## Problem description
When you reach the line that holds "Portrait Photographer Dublin", start copying exactly and keep going through the final line of the data, leaving out pictures.

## Dataset extract
* * * *

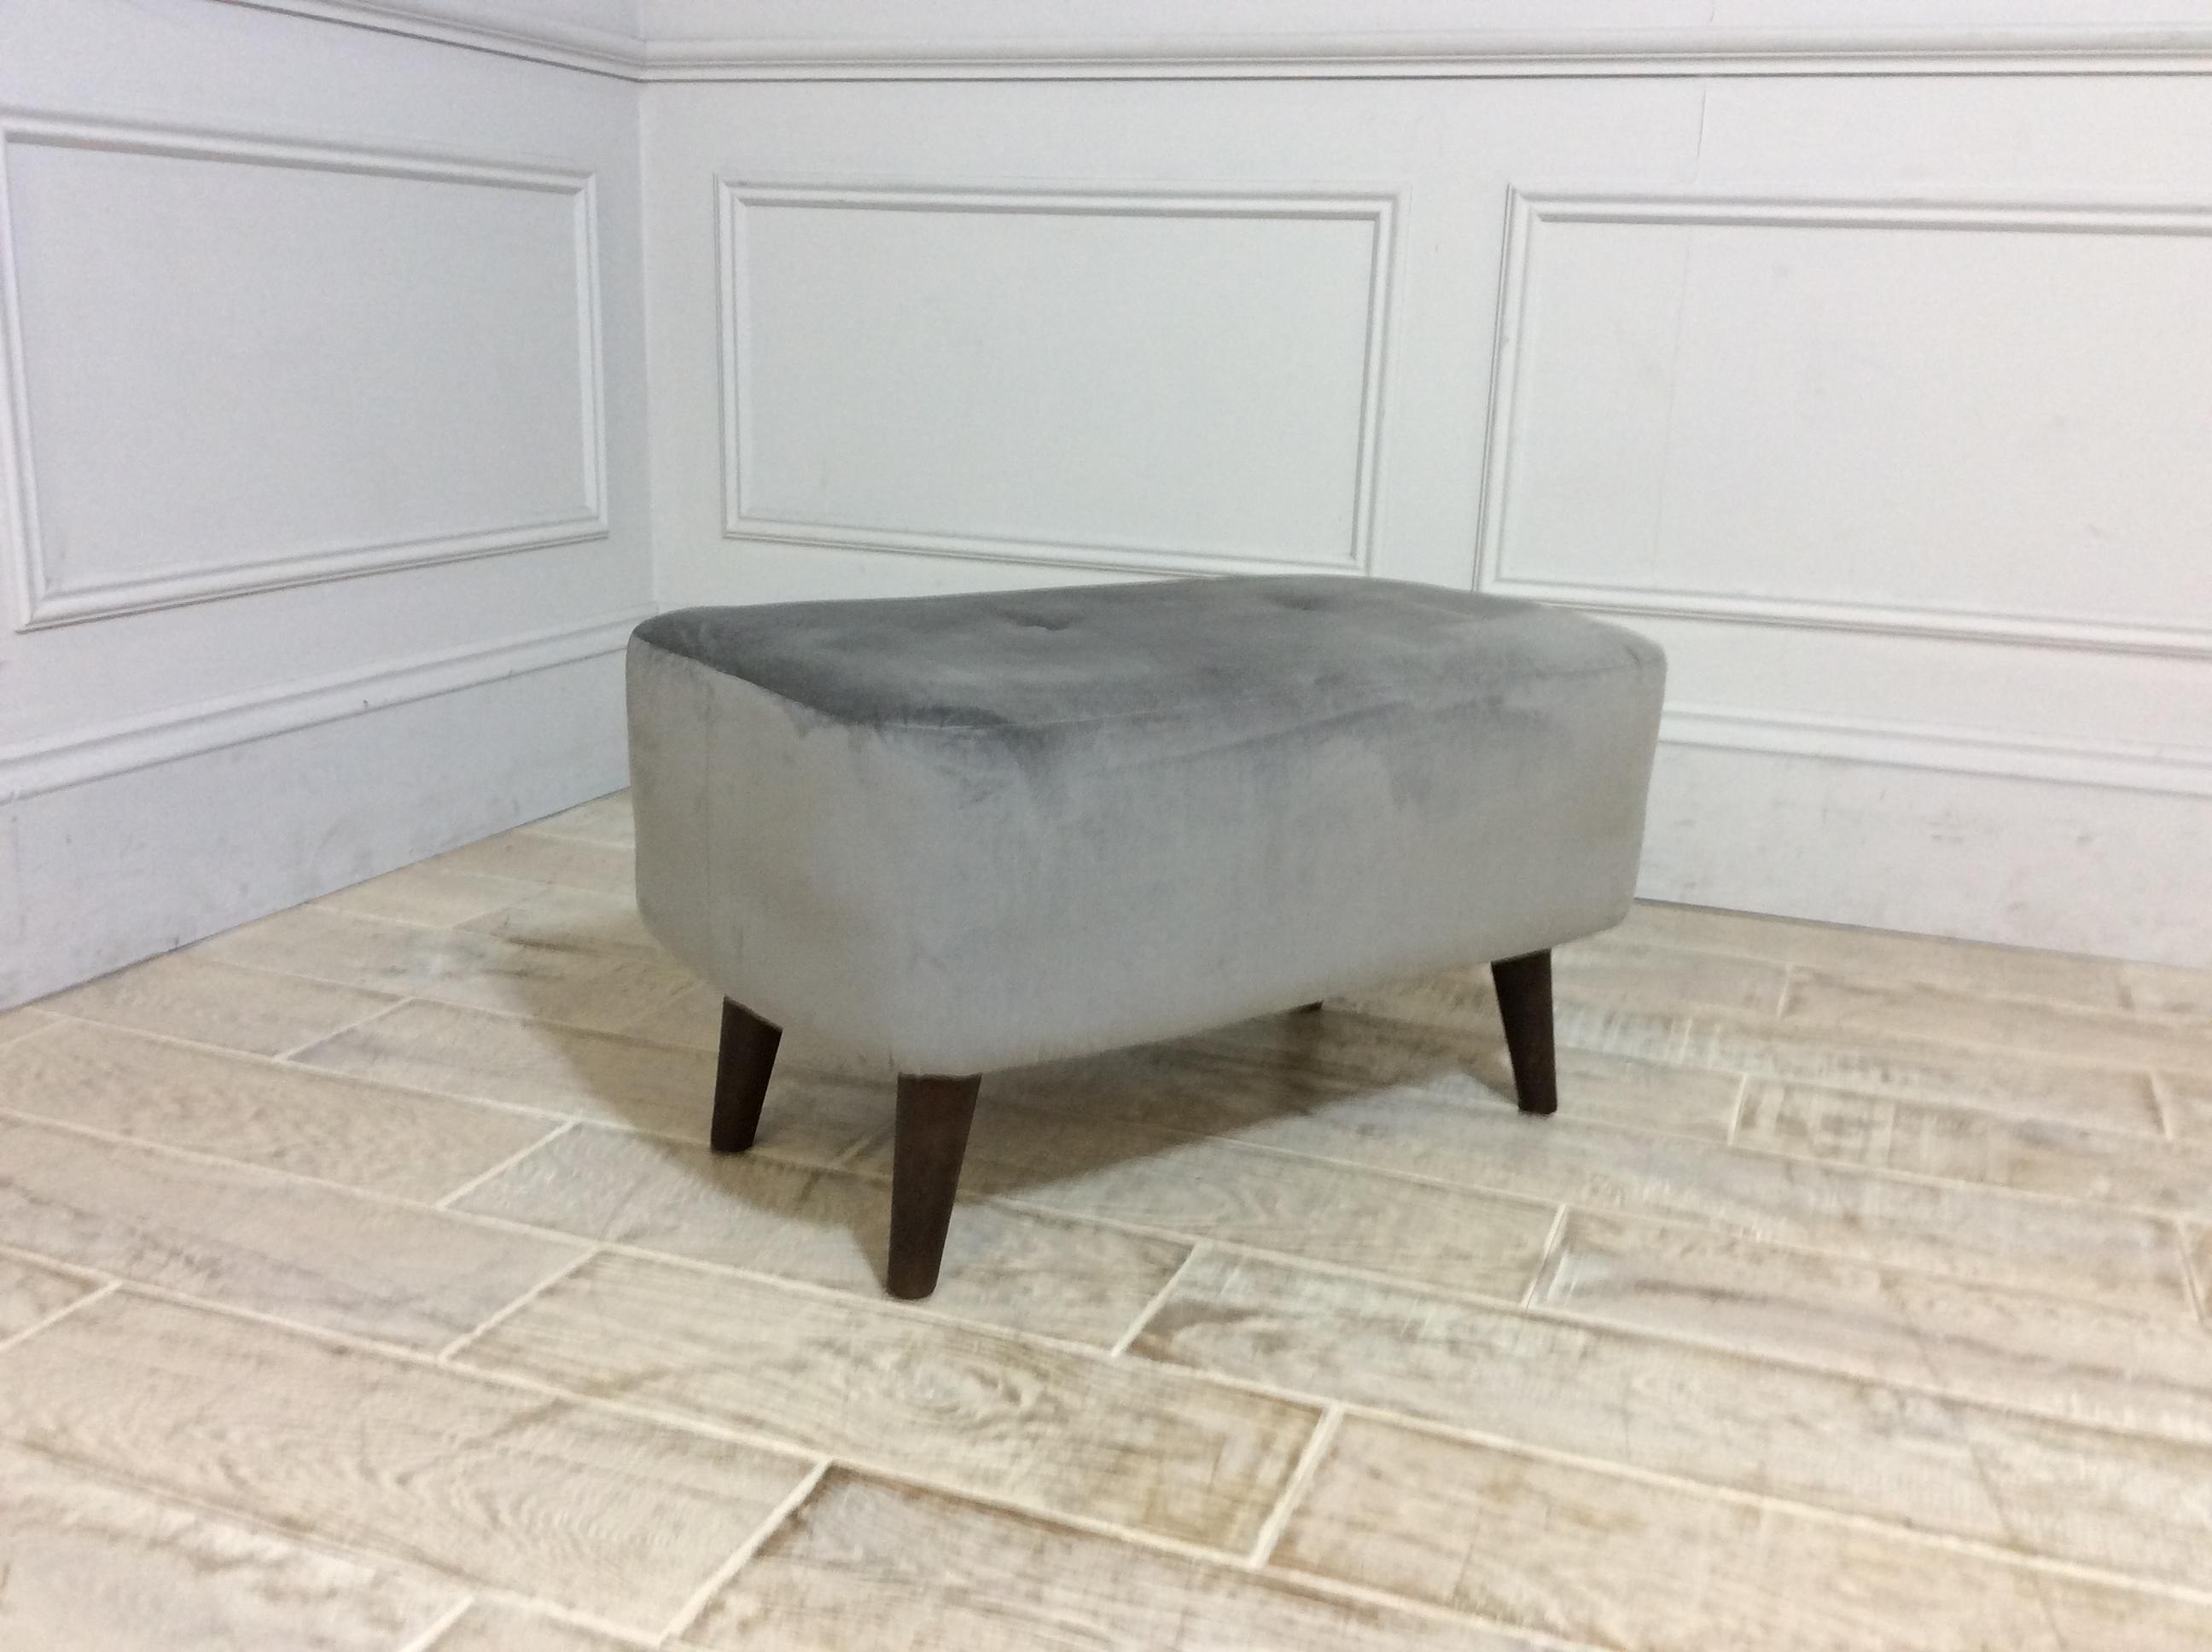 Studio Small Bench Stool in Velvet Slate
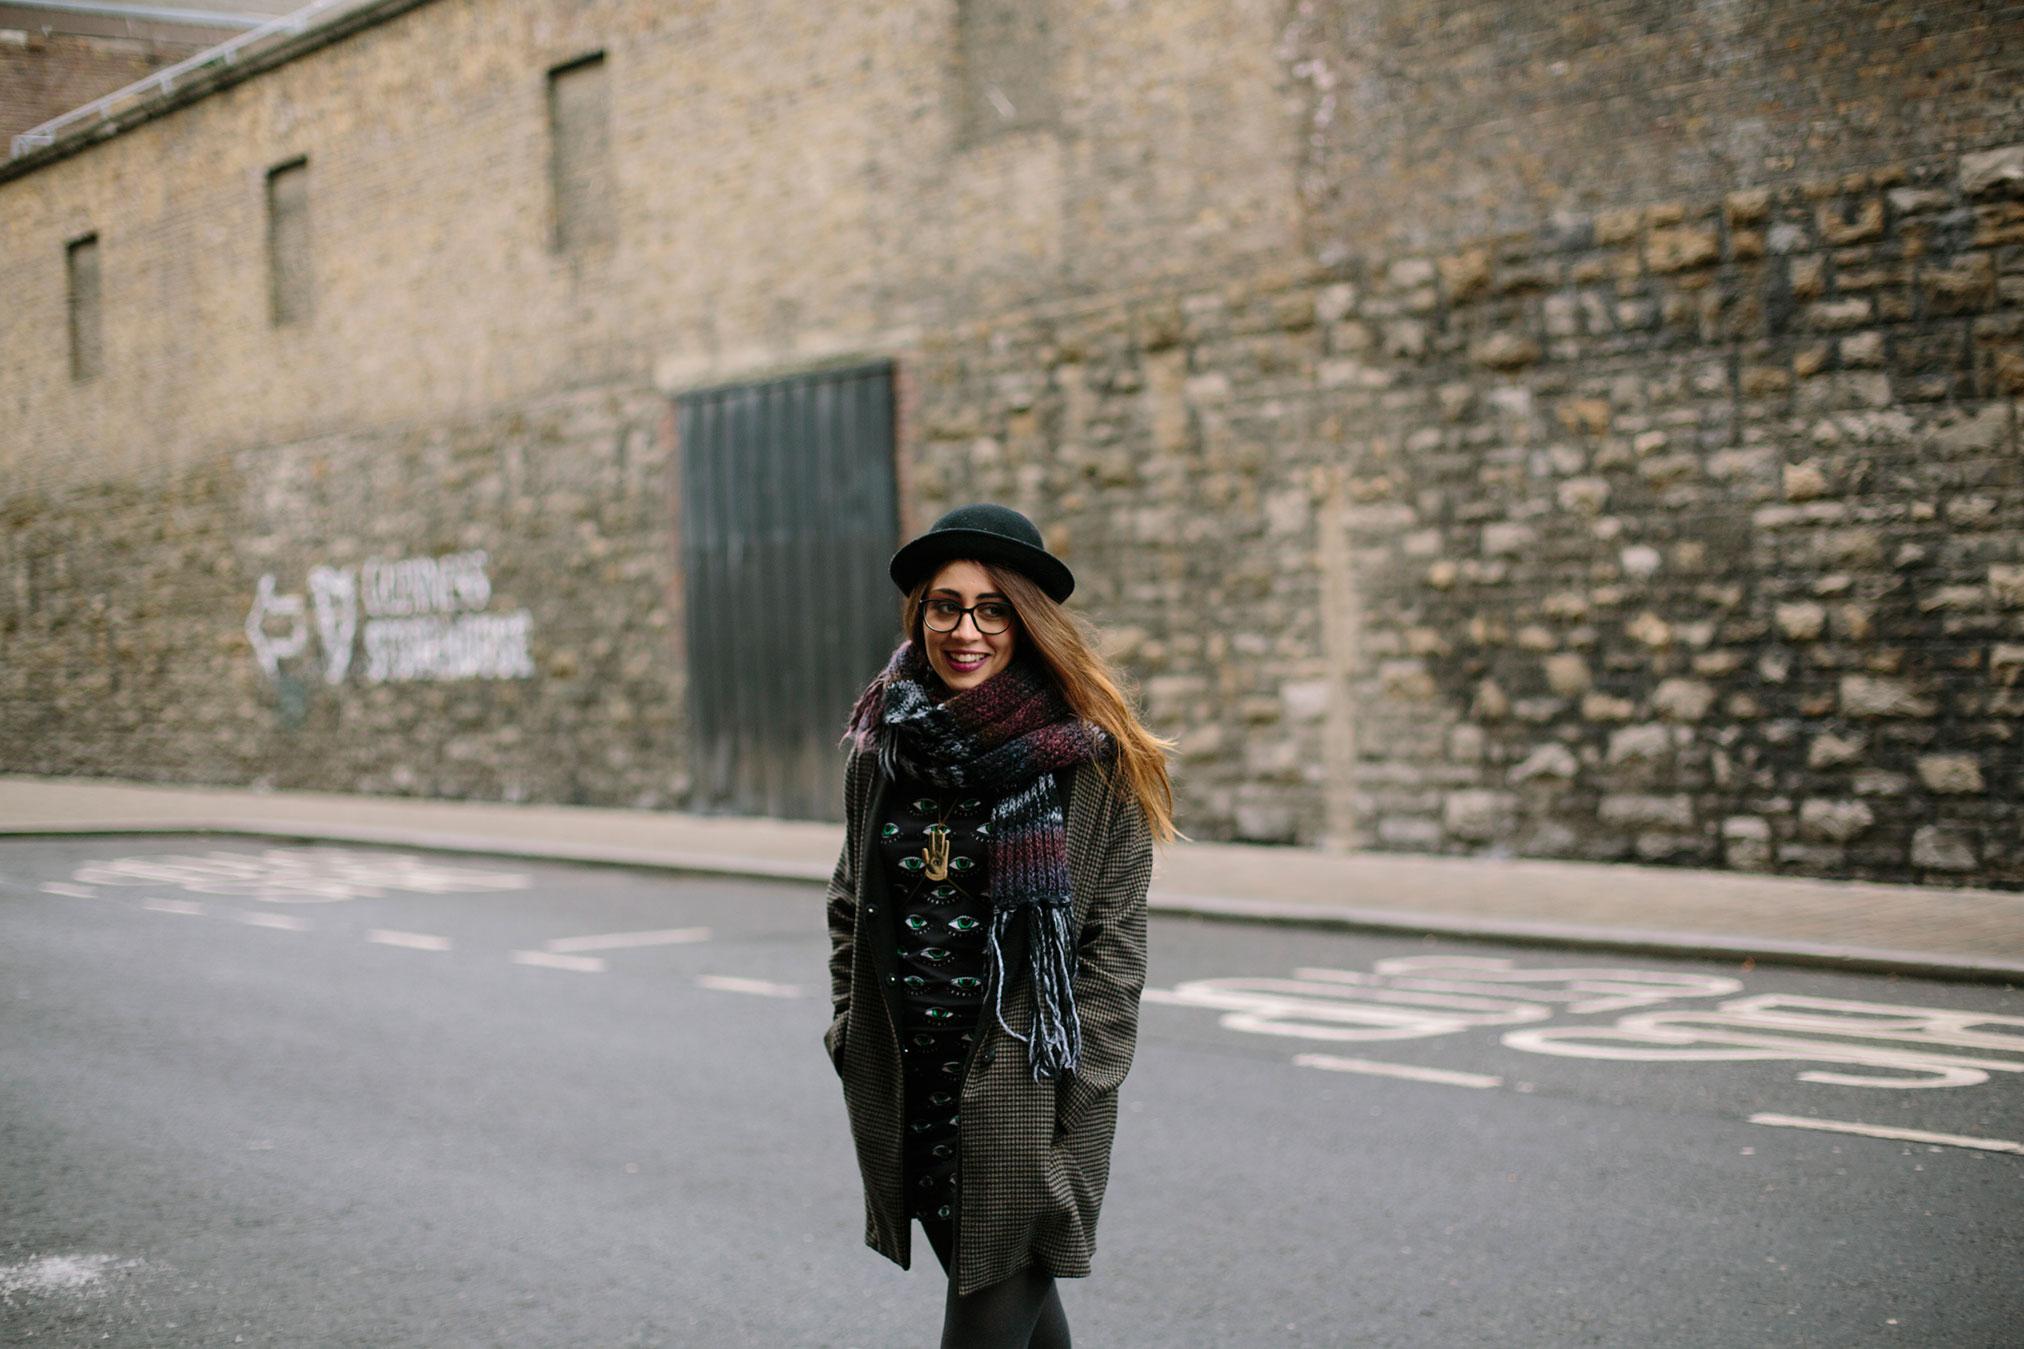 Portrait Photographer Dublin GaliciaGraciela Vilagudin0751.jpg
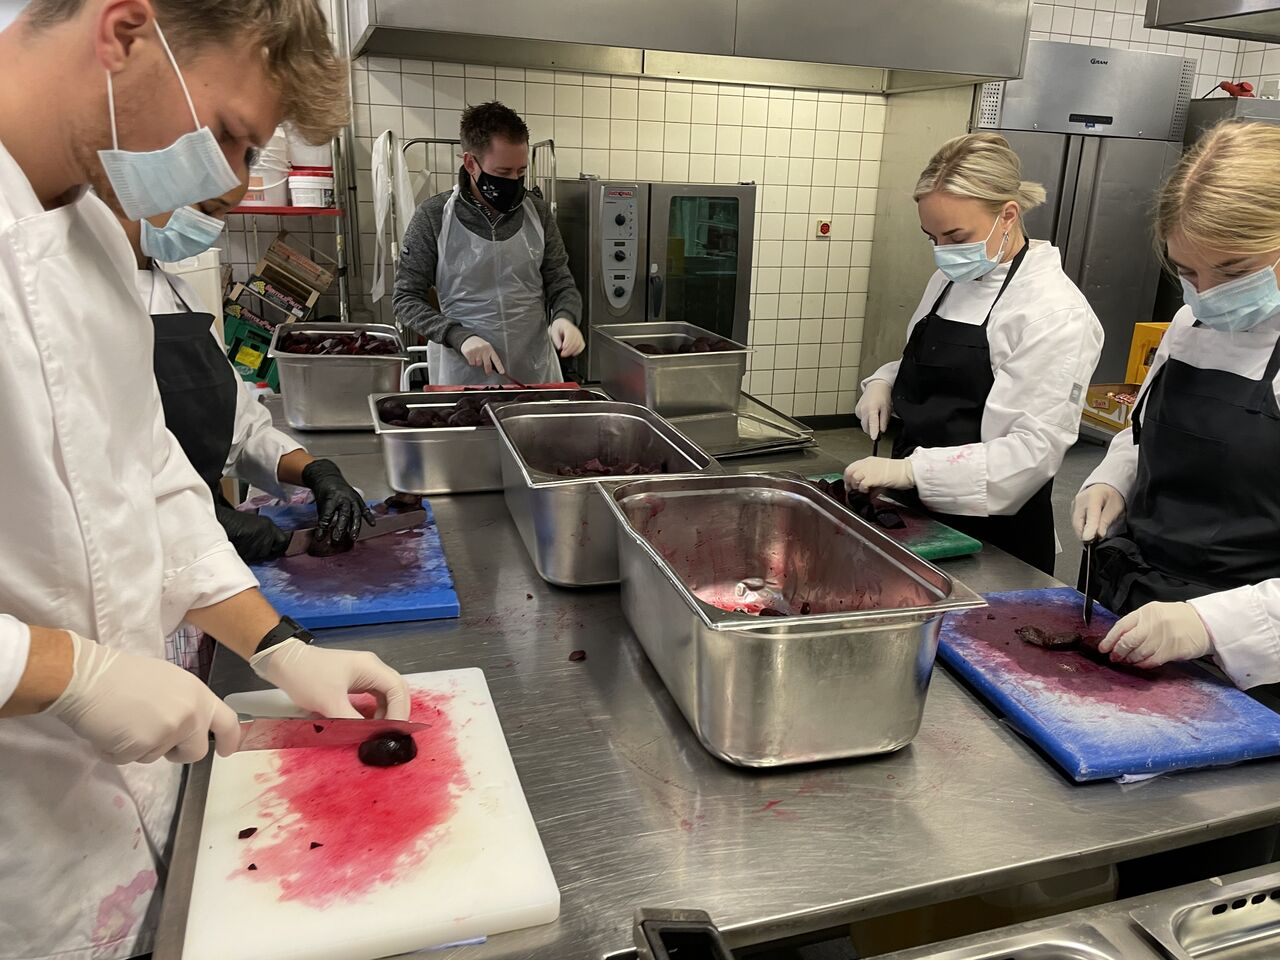 Der vil i stigende grad blive behov for flere medarbejdere, efterhånden som restauranter, hoteller og så videre genåbner. Arkivfoto fra Odense Congress Center.

* * * *

## Response to the exercise
 Portrait Photographer Dublin GaliciaGraciela Vilagudin0751.jpg
 Der vil i stigende grad blive behov for flere medarbejdere, efterhånden som restauranter, hoteller og så videre genåbner. Arkivfoto fra Odense Congress Center.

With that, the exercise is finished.